▸ **SUPPLIED INFORMATION**:
________________________

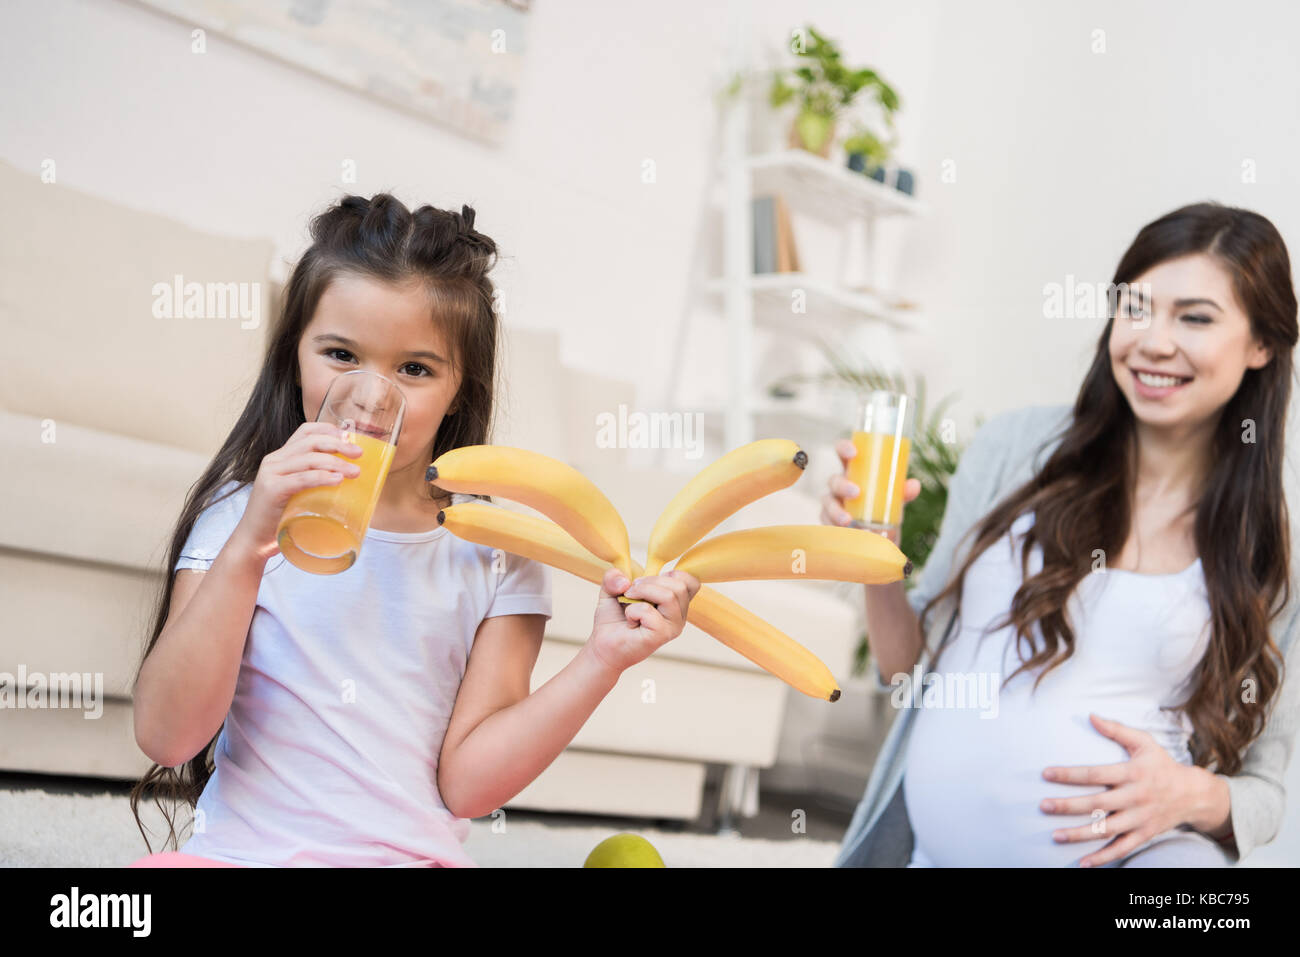 Girl holding bananas and drinking juice Stock Photo
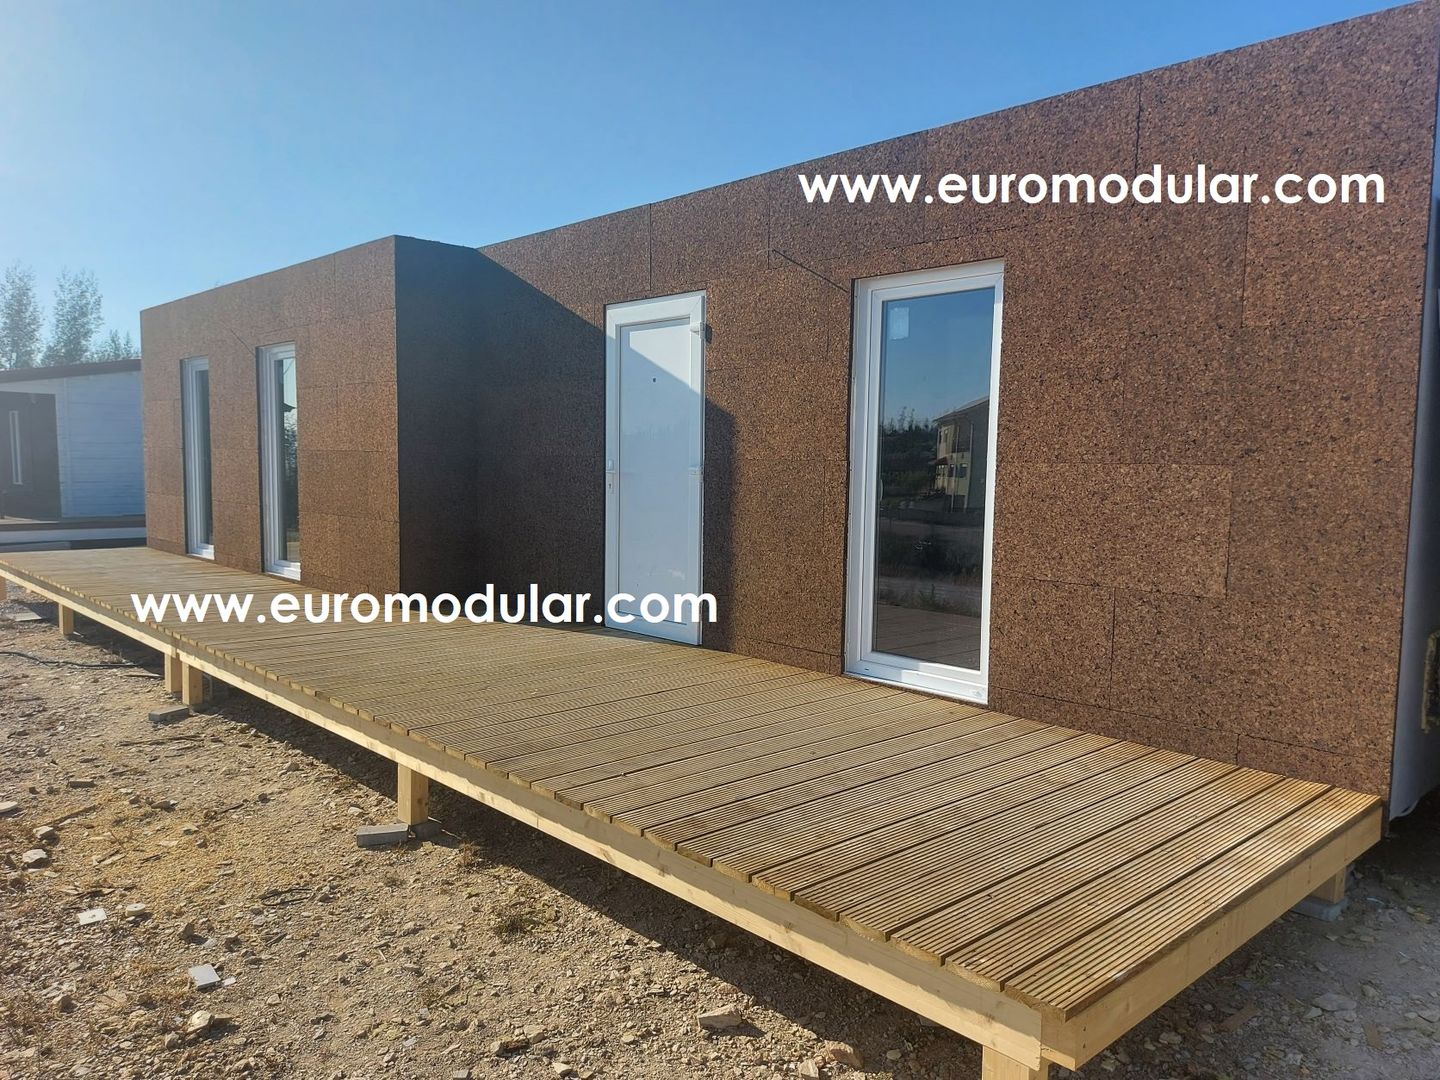 T1 Casa Modular Prefabricada (estrutura metálica), EUROMODULAR EUROMODULAR منزل جاهز للتركيب
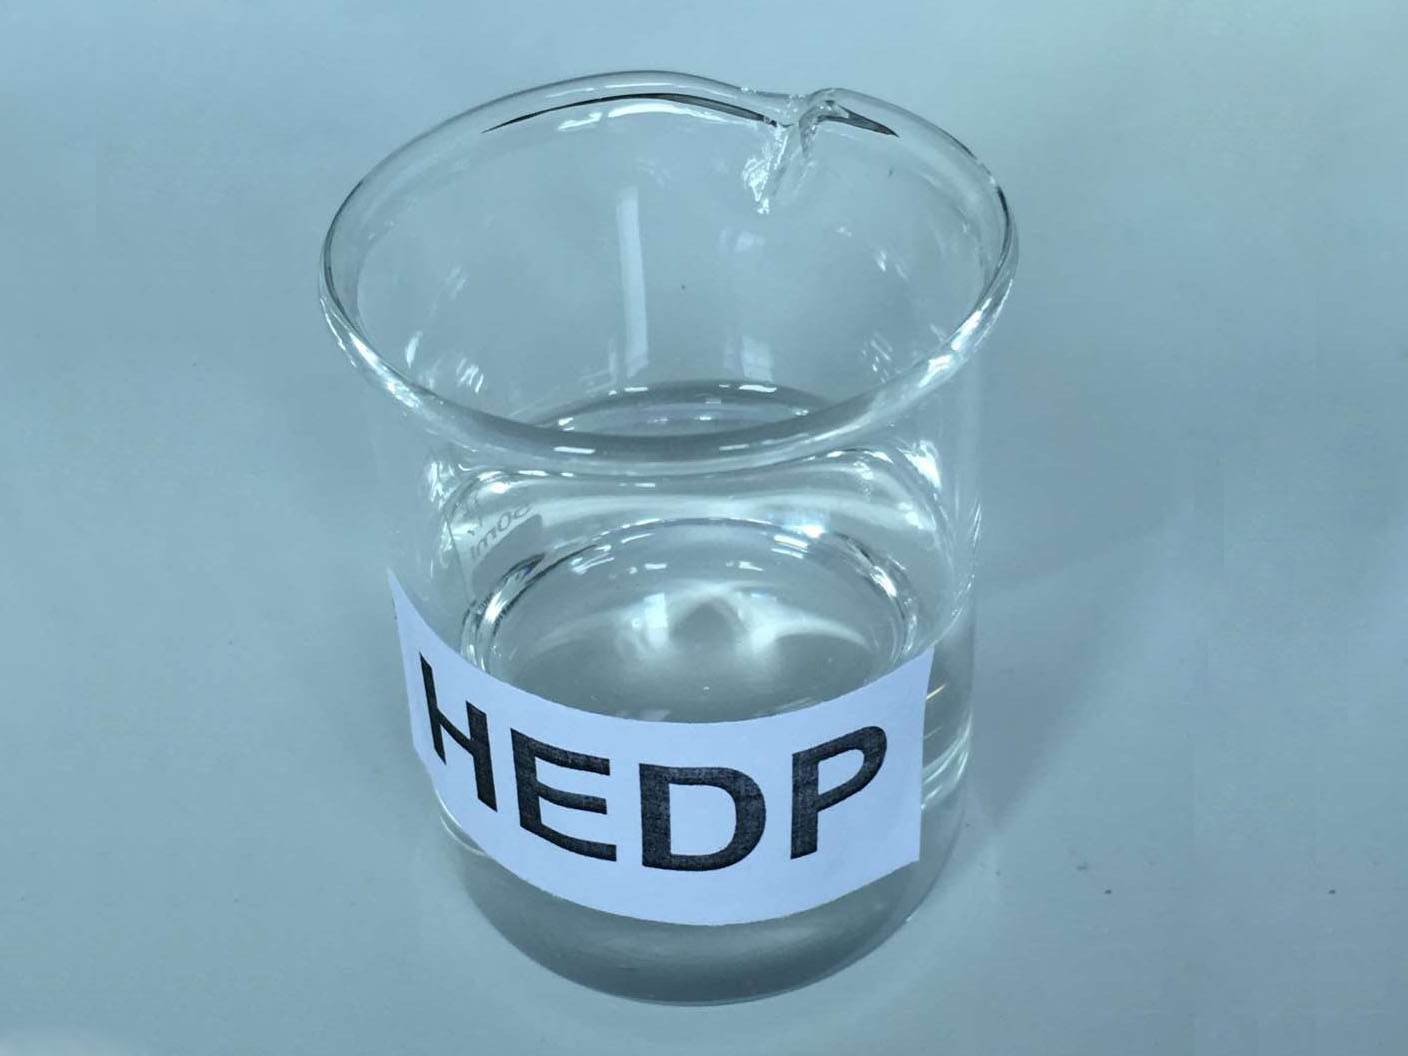 HEDP

________________________

▸ **REQUIRED ACTION**: Leave every picture out, and transcribe the data above exactly as it reads.

▸ **RESULT FOR THIS EXERCISE**:
 Girl holding bananas and drinking juice Stock Photo
 T1 Casa Modular Prefabricada (estrutura metálica), EUROMODULAR EUROMODULAR منزل جاهز للتركيب
 HEDP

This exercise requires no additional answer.